Uncorrelated Alternatives Investment Offerings

What are Uncorrelated Strategies

We define uncorrelated strategies (or “alternative alternatives”) as investments that do not have traditional risk betas. These are investments where the underlying risks are uncorrelated, or less correlated, both with traditional equity and fixed income returns, and also returns from alternative asset classes such as private equity, real estate or hedge funds. Most asset classes are still closely linked to the business cycle and the performance of public markets, and thus alternative alternatives can offer significant diversification benefits. We do not consider them as a separate asset class as the investments are often structurally similar to other asset classes, despite having different key drivers. Importantly we focus on structure where we can identify a clear contractual return, avoiding strategies that require an equity exit or a third party buyer for monetisation.

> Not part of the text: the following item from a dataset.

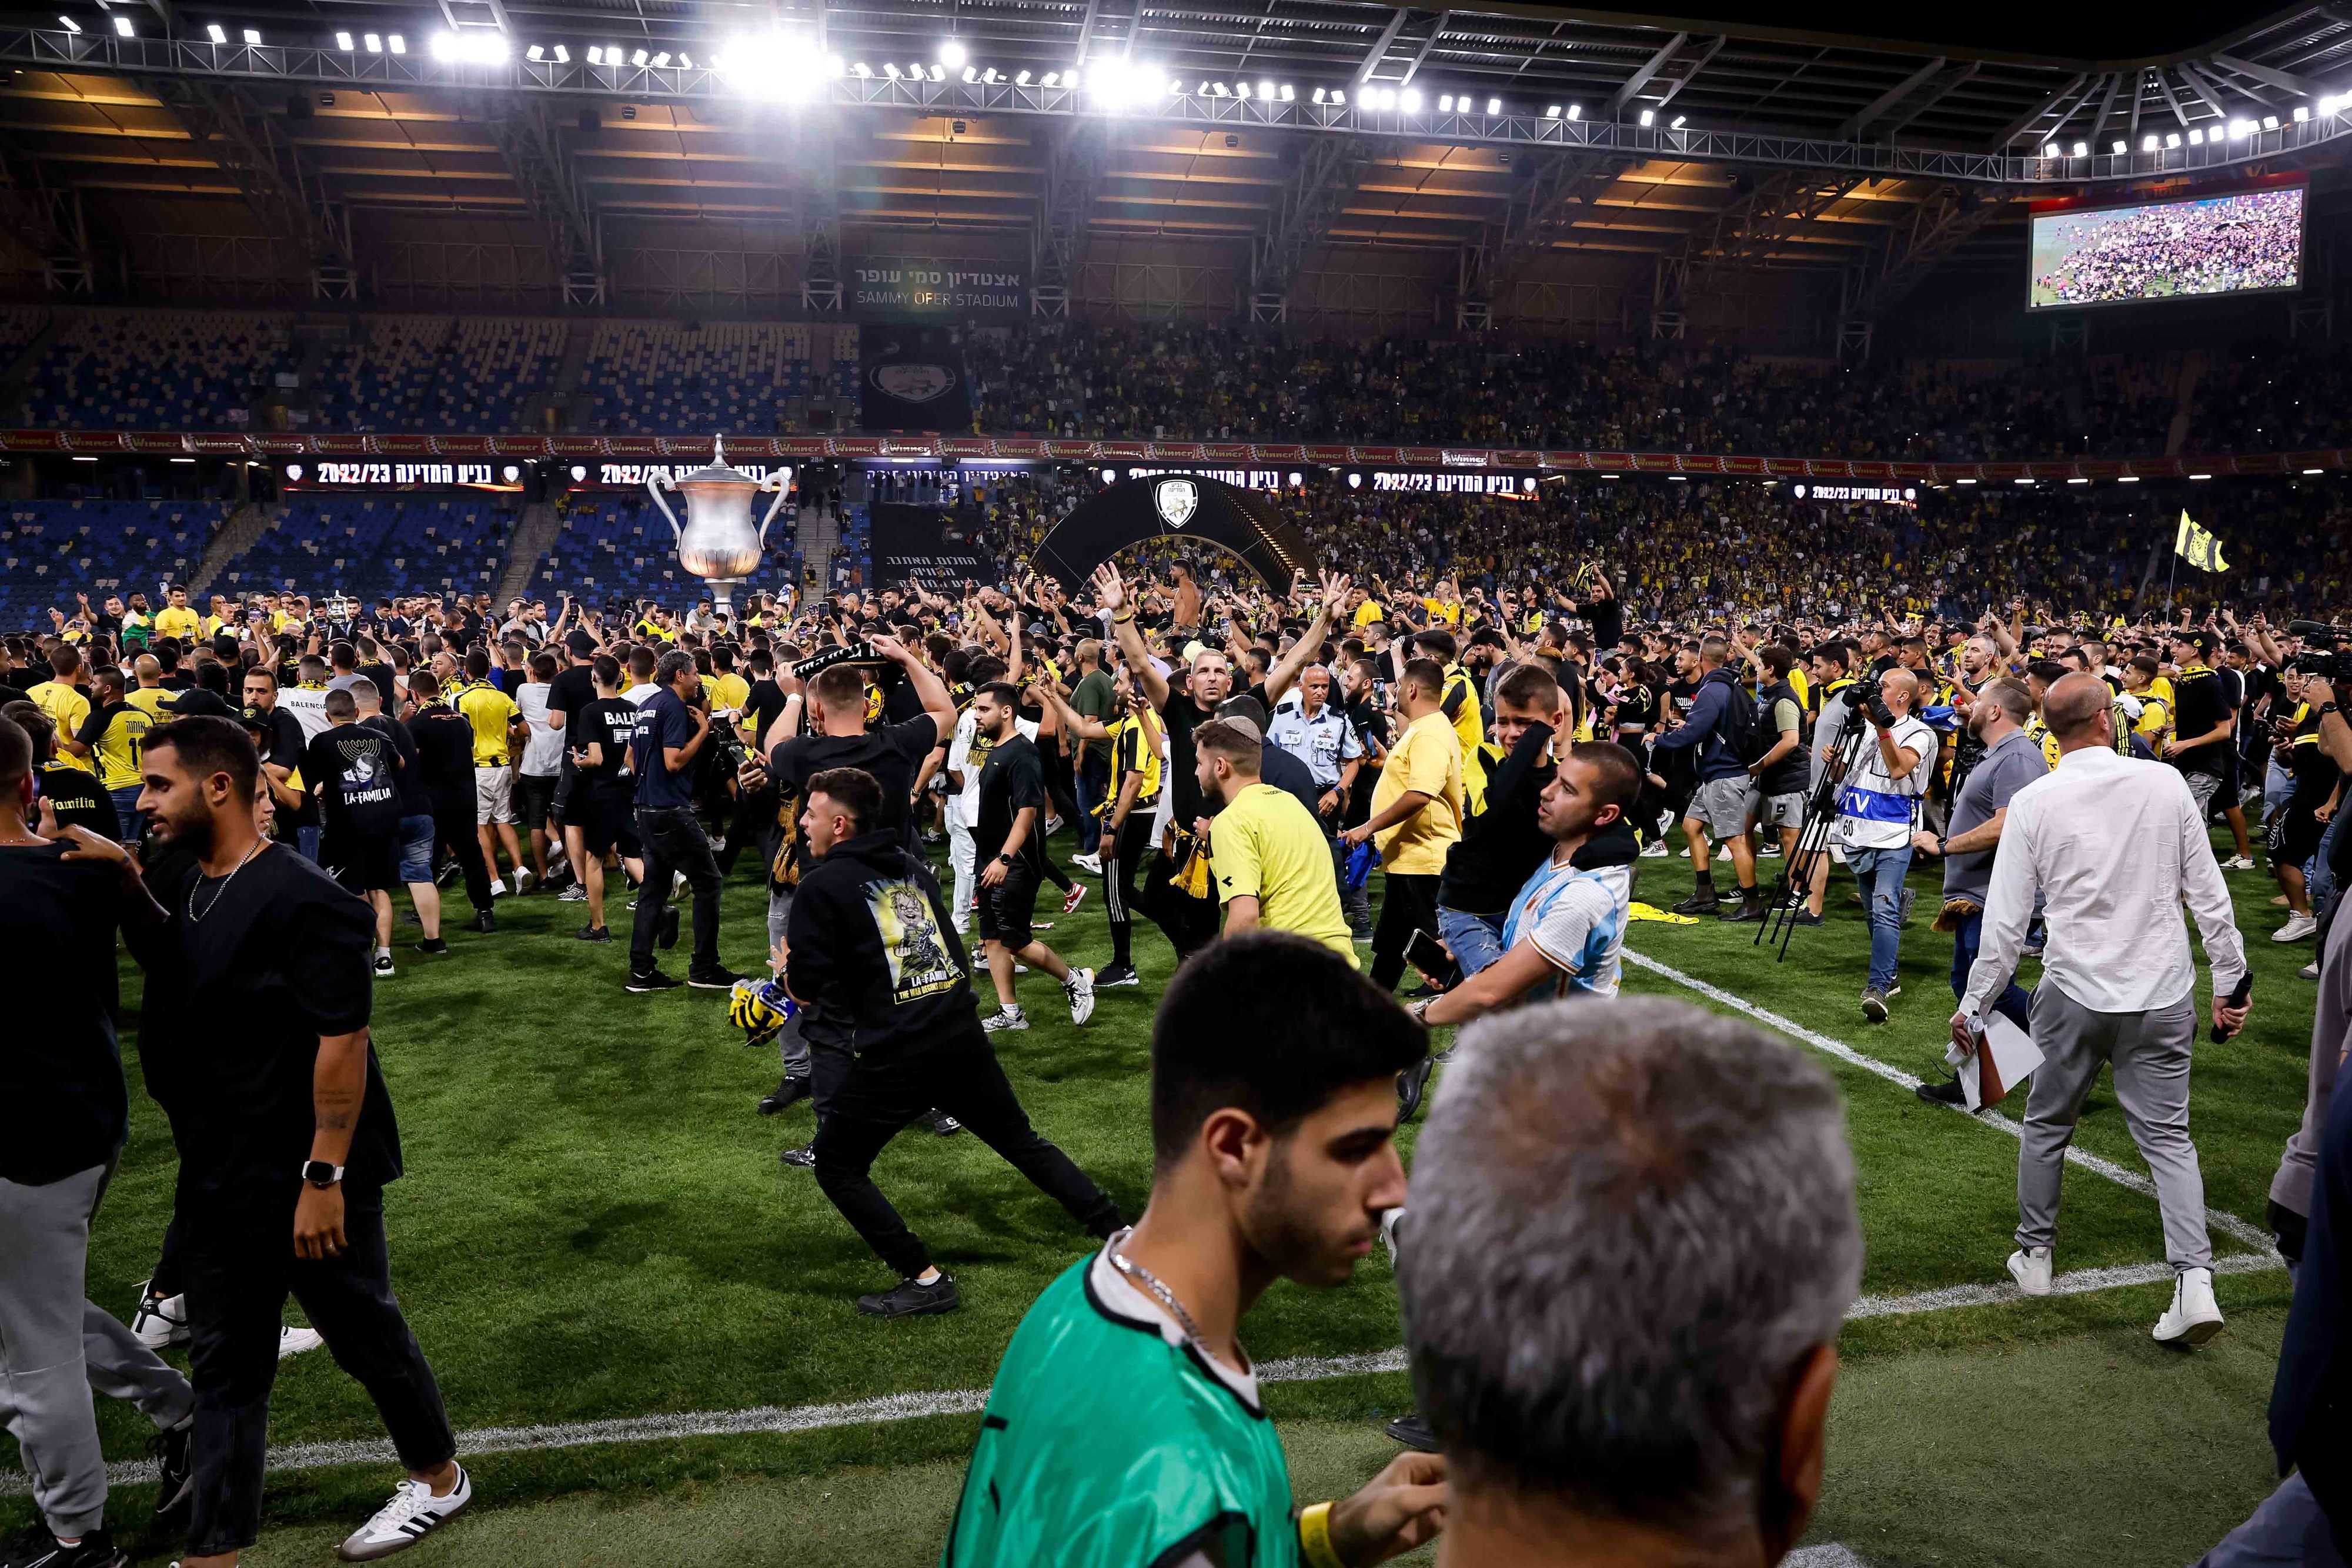 אוהדי בית"ר ירושלים פורצים למגרש בגמר גביע המדינה

Uncorrelated strategies encompass a wide range of strategies but can be broadly categorised into a) investments which are dependent on uncorrelated events such as litigation funding, drug trial funding, appraisal rights, insurance or life settlements and b) investments which offer uncorrelated income streams such as royalties (drug, technology, or entertainment), leasing strategies and other lending strategies where the nature of the underlying collateral is uncorrelated. Although many consider antiques, art and vintage cars to be attractive alternative investments, relative to what we describe above, they are disadvantaged by their lack of income, economic utility and inconsistent valuation metrics.

How We Invest

As the majority of uncorrelated strategies are in less scalable, often idiosyncratic asset classes, it is imperative to construct a diversified portfolio. We are focused on identifying best-in-class asset managers in many of these sectors and invest through a combination of commingled funds, separately managed accounts, bespoke joint ventures and co-investments. The majority of our private uncorrelated investments are held in our evergreen private debt vehicle, which includes both private debt and uncorrelated illiquid strategies. We also offer bespoke specialist mandates for larger clients.


Case Study

In 2022, Partners Capital anchored the second vintage of a litigation financing strategy that specialises in commercial, patent and pharmaceutical investments, having also anchored the manager’s first vintage. The fund will provide third-party financing to cover the cost of litigation or arbitration on behalf of claimants, in exchange for a pre-determined share of the proceeds upon a successful resolution of the case. This may include commercial litigation, arbitration, patent litigation, bankruptcy litigation, whistle-blower lawsuits, mass torts and shareholder class actions. The manager enjoys a comparative advantage over other litigation funders due to the team’s expertise in underwriting and sourcing niche, complex, legal processes in their chosen areas of expertise. Given our position as an anchor investor, Partners Capital clients benefit from preferential terms on their fund commitments.